Automating Job Resubmission After Failure Due to OOM in CryoSPARC

Hi,
In CryoSPARC, when a job fails due to an OUT_OF_MEMORY (OOM) error, its status is recorded as “failed” in the CryoSPARC database. If the failure is due to memory limitations, we need a way to automatically resubmit the same job to a higher memory node while keeping the same job ID for tracking.

I am specifically looking for a CryoSPARC CLI command or built-in functionality that can achieve this.If such a CLI command exists, we can automate the process using a shell script.

  1. Identify failed jobs in the CryoSPARC database.
  2. Extract job details, such as job ID and required resources.
  3. Resubmit the job with increased memory allocation.
  4. Assign it to a node with sufficient memory.
  5. Run periodically via cron to automate this process.

Does CryoSPARC provide any built-in commands or API options to achieve this?

Any guidance or suggestions would be highly appreciated!

System Info:

  • CryoSPARC Version: 4.6.2
  • Scheduler: Slurm
  • OS: alinux2

in addition, we get this error quite frequently, and a resubmission without any changes works without issue. So some number of automatic resubmission to the same node without parameter change could be useful as well. Pretty annoying when queuing long workflows that are stunted.

Here are is the outline of a possible implementation. The code snippet and cli functions should work in CryoSPARC v4.6, but may not work with future releases of CryoSPARC. Other details, like the path of the cluster submission script, may also change in a future release of CryoSPARC.

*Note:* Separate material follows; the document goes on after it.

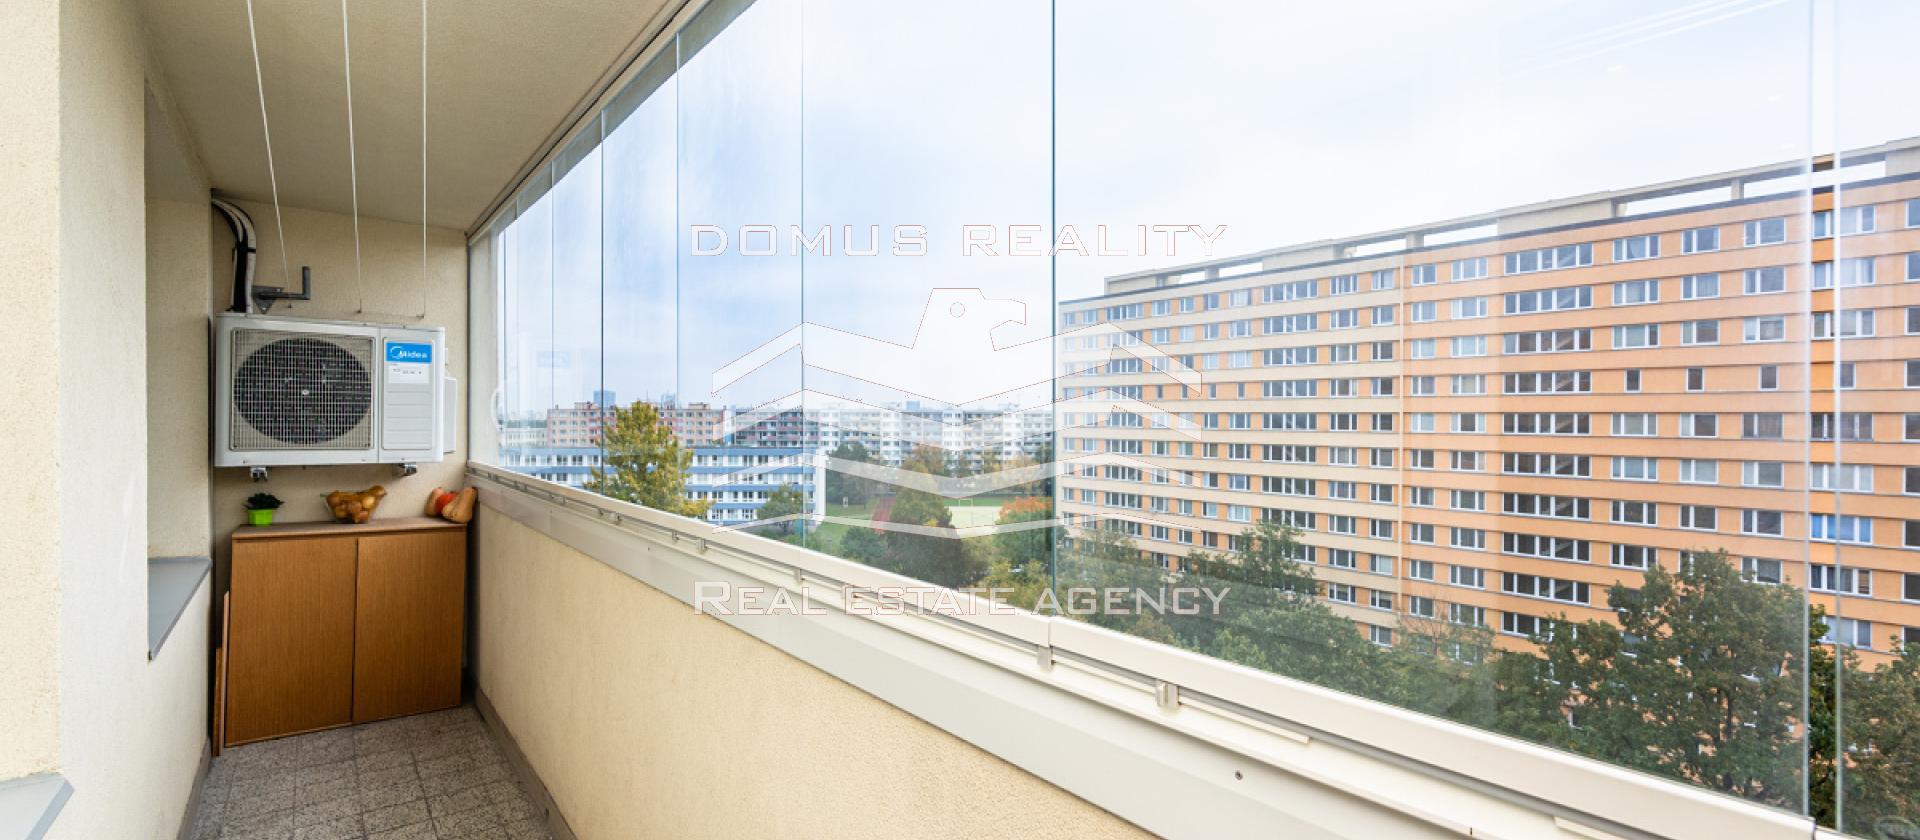 Nabízíme exklusivně k prodeji krásný byt v Praze 4 v Brániku o dispozici 3+KK

  1. Include the custom_ram_gb variable
    #SBATCH --mem={{ custom_ram_gb | default(ram_gb) | int }}G
    
    in the slurm script template of the hypothetical scheduler lane cryosparc_lane. Once identified, OOM jobs can be submitted to this lane with an augmented RAM request for custom_ram_gb.
  2. Find jobs that have failed within a defined TIME_WINDOW that ended now.
    from cryosparc_compute import database_management
    import datetime
    import os
    
    TIME_WINDOW = datetime.timedelta(days=1)
    
    db = database_management.get_pymongo_client('meteor')['meteor']
    
    for job in db.jobs.find({'status': 'failed',
                             'failed_at': {'$gt': datetime.datetime.utcnow() - TIME_WINDOW}},
                            {'project_uid': 1, 'uid': 1}):
        print(f"{job['project_uid']} {job['uid']}")
    
    One could run this script with the command
    cryosparcm call python /path/to/recently_failed.py
  3. Refer to the slurm database of jobs and/or the queue_sub_script.sh scripts in the respective job directories and/or slurm stdout/stderr files to select those among the failed jobs that had OOM errors.
  4. Clear and resubmit (with increased --mem= spec) jobs from the list of OOM jobs. The clear_job, set_cluster_job_custom_vars and enqueue_job cli functions may be useful in this context.